If the media refuse not to report on pre-review prints, it is quite within the keeping of the described MO (“For that reason Berkeley Earth has tried to answer the questions given to us by the media, in hopes that our work will be more accurately reported. The two page summary of findings is also meant to help ensure that the media reports accurately reflect the content of our papers.”) to make a press release prior to the pre-review copy being circulated.
So I think that sober analysis of your calling BS on that, is that you could be mistaken.
Wombat,
Doesn’t it raise even tiny little questions in your mind to discover that Dr Muller’s side business will financially cash in from his so-called “sober analysis”?
It’s not like Muller has displayed any professional ethics to date.
Your vituperative backlash continues. A far cry from “I’ll accept whatever result they produce”.
REPLY: So, BEST is allowed to change the rules, play games, skirt convention, trash process, and post fabricated blame, but I have to adhere to what I said when they put on the air of false professionlism for me in March?
Yes, I was duped, I trusted them. How’s the weather in Chile? -Anthony
I agree. They should have taken inspiration from your own oh-so-coy-and-quiet behaviour in the couple of years before you actually published your own paper.
( 🙂 )
REPLY: The difference was that I had to advertise here to get the project done, I had to solicit volunteers and show progress. They got hugely funded. – Anthony
Individuals who lie are liars.
I thought the next FAQ was just as noteworthy:
“Is it time now to end global warming skepticism?
Our study addressed only one area of the concerns: was the temperature rise on land improperly affected by the four key biases (station quality, homogenization, urban heat island, and station selection)? The answer turned out to be no – but they were questions worthy of investigation. Berkeley Earth has not addressed issues of the tree ring and proxy data, climate model accuracy, or human attribution…”
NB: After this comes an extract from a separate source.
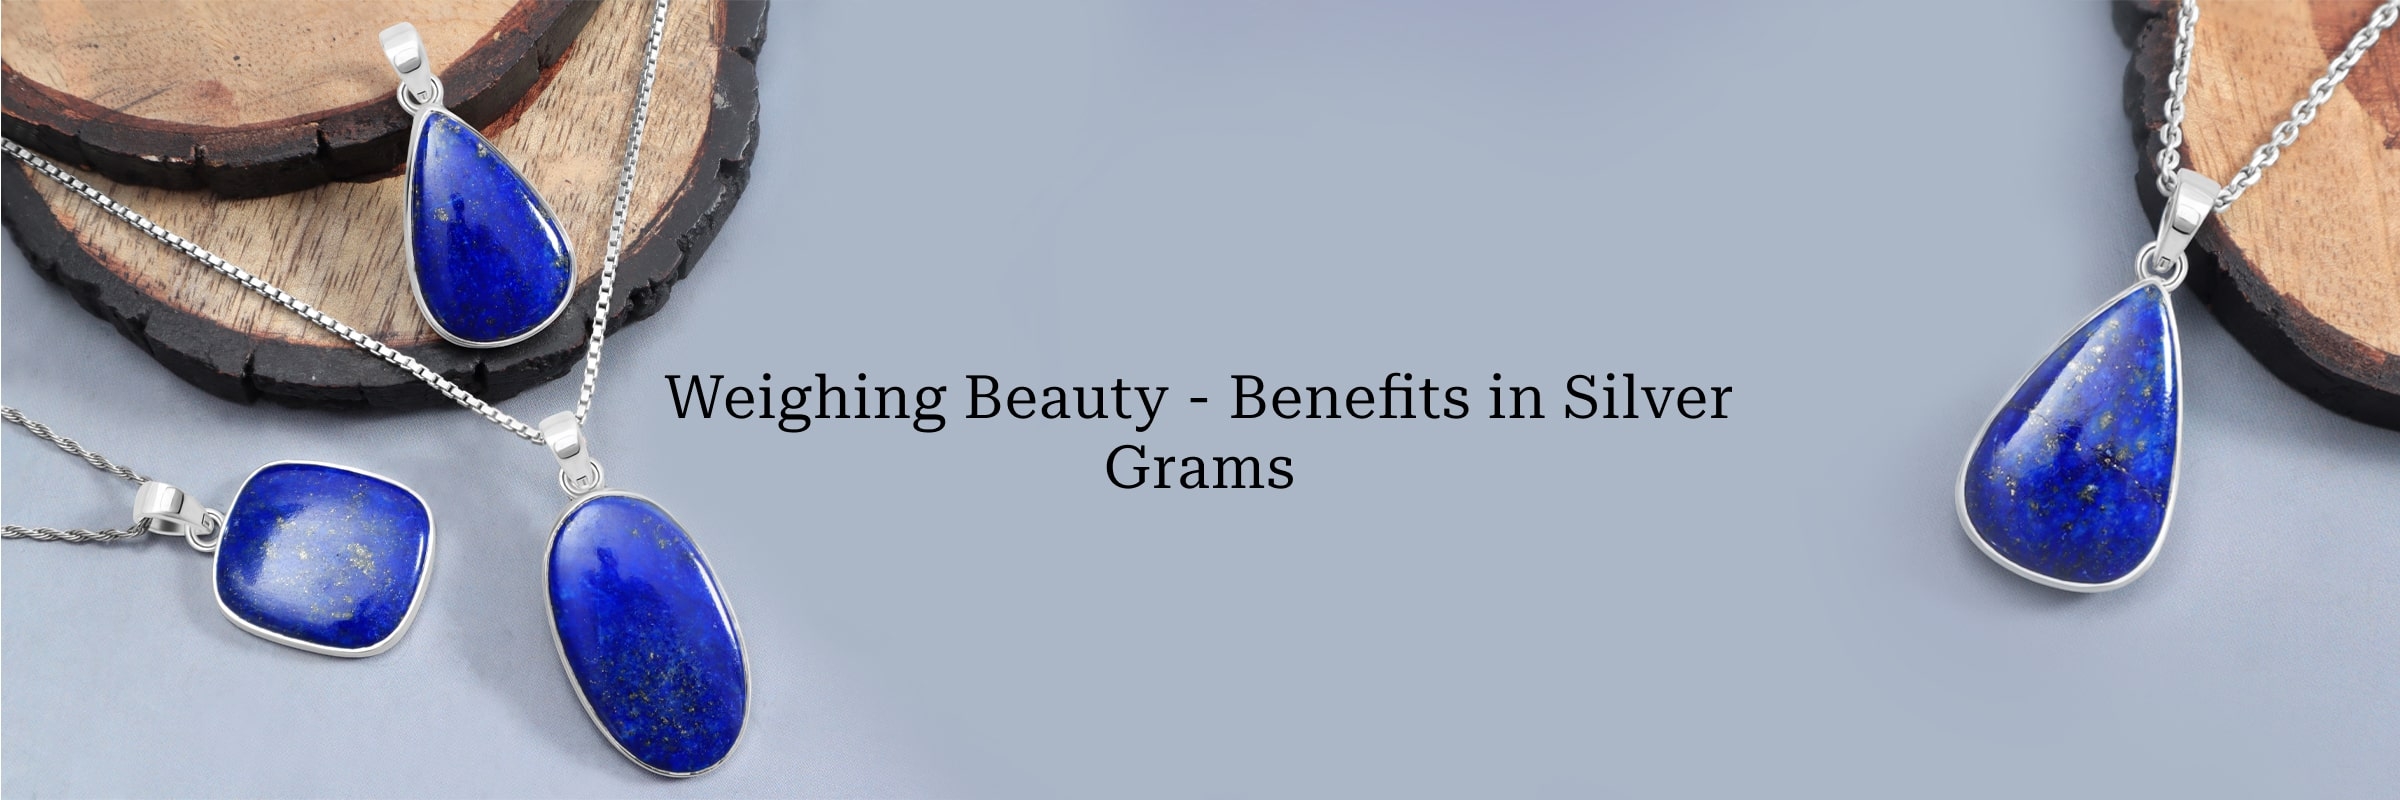 Benefits of buying Silver Jewelry in grams

I don’t see the scandal here. Knowing they couldn’t get the kind of preprint release that would be best for the scientific process, they decided to manipulate the release to the press to achieve the best effect they thought they could reasonably get. I may have missed something, but I don’t see anything wrong with that or contradictory with the FAQ. On the other hand, it does appear that they did try to “hide the decline” in the rate of temperature increase over the last decade.
Somebody please hand stevo and toto a hanky. They don’t like that Dr Muller is exposed for what he is: a self-serving guy whose side company gets payola according to the alarmism they promote.
“Latitude says: October 30, 2011 at 5:27 pm
it leaves you with only two choices….
A top climate scientist is stupid
A top climate scientist is crooked”
Which top climate scientist?
I understand Muller’s pants caught on fire just now.
Joe Romm at ThinkProgress already responded to the Curry analysis. I bet you can guess the kinds of things ol’ Joe had to say. LOL.
It does seem the arguments FOR global warming are getting narrower and narrower as they lose focus and reality contradicts the so-called “studies.”